The plotting is as before.

fig_pois, (ax_month, ax_hr) = subplots(1, 2, figsize=(16,8))
ax_month.plot(x_month, coef_month, marker='o', ms=10)
ax_month.set_xticks(x_month)
ax_month.set_xticklabels([l[5] for l in coef_month.index], fontsize=20)
ax_month.set_xlabel('Month', fontsize=20)
ax_month.set_ylabel('Coefficient', fontsize=20)
ax_hr.plot(x_hr, coef_hr, marker='o', ms=10)
ax_hr.set_xticklabels(range(24)[::2], fontsize=20)
ax_hr.set_xlabel('Hour', fontsize=20)
ax_hr.set_ylabel('Coefficient', fontsize=20);

/var/folders/16/8y65_zv174qgdp4ktlmpv12h0000gq/T/ipykernel_84444/3779905754.py:8: UserWarning: FixedFormatter should only be used together with FixedLocator
  ax_hr.set_xticklabels(range(24)[::2], fontsize=20)
../_images/52e442ca136e14ba1861a84284a0b0b7ab6b4bba4a8727ea6483e6976c745262.png

We compare the fitted values of the two models.
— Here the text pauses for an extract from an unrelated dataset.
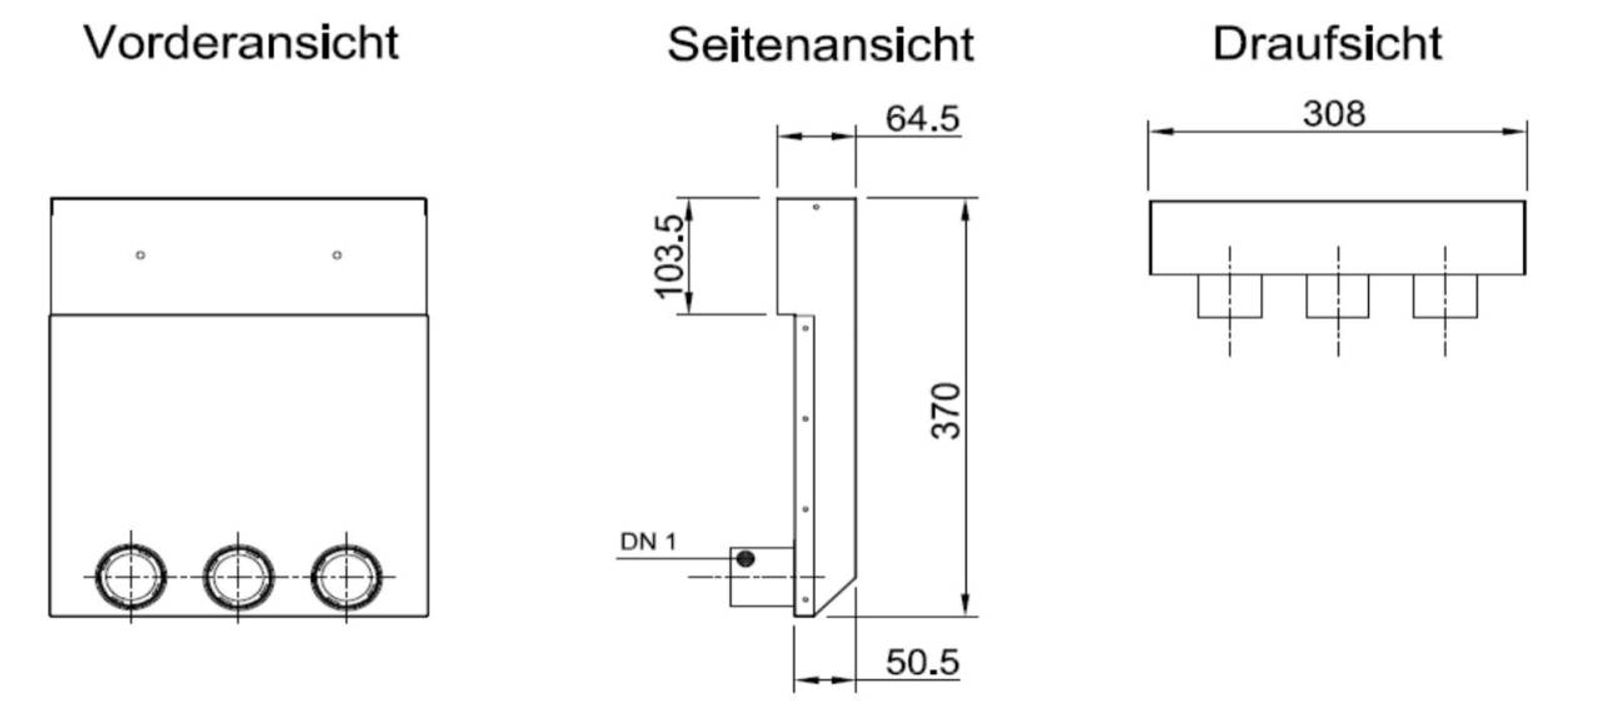 Luftanschlusskasten zur Montage der Zu- und Abluftgitter 3 Abgänge  Ø 50 mm  Wand 305 mm x 102 mm x 460 mm

The fitted values are stored in the fittedvalues attribute returned by the fit() method for both the linear regression and the Poisson fits. The linear predictors are stored as the attribute lin_pred.

fig, ax = subplots(figsize=(8, 8))
ax.scatter(M2_lm.fittedvalues,
           M_pois.fittedvalues,
           s=20)
ax.set_xlabel('Linear Regression Fit', fontsize=20)
ax.set_ylabel('Poisson Regression Fit', fontsize=20)
ax.axline([0,0], c='black', linewidth=3,
          linestyle='--', slope=1);
../_images/838011cc78e3d873b8a40a90a4dd702b97022645099c403a8206f9b3587c6703.png

The predictions from the Poisson regression model are correlated with those from the linear model; however, the former are non-negative. As a result the Poisson regression predictions tend to be larger than those from the linear model for either very low or very high levels of ridership.

In this section, we fit Poisson regression models using the sm.GLM() function with the argument family=sm.families.Poisson(). Earlier in this lab we used the sm.GLM() function with family=sm.families.Binomial() to perform logistic regression. Other choices for the family argument can be used to fit other types of GLMs. For instance, family=sm.families.Gamma() fits a Gamma regression model.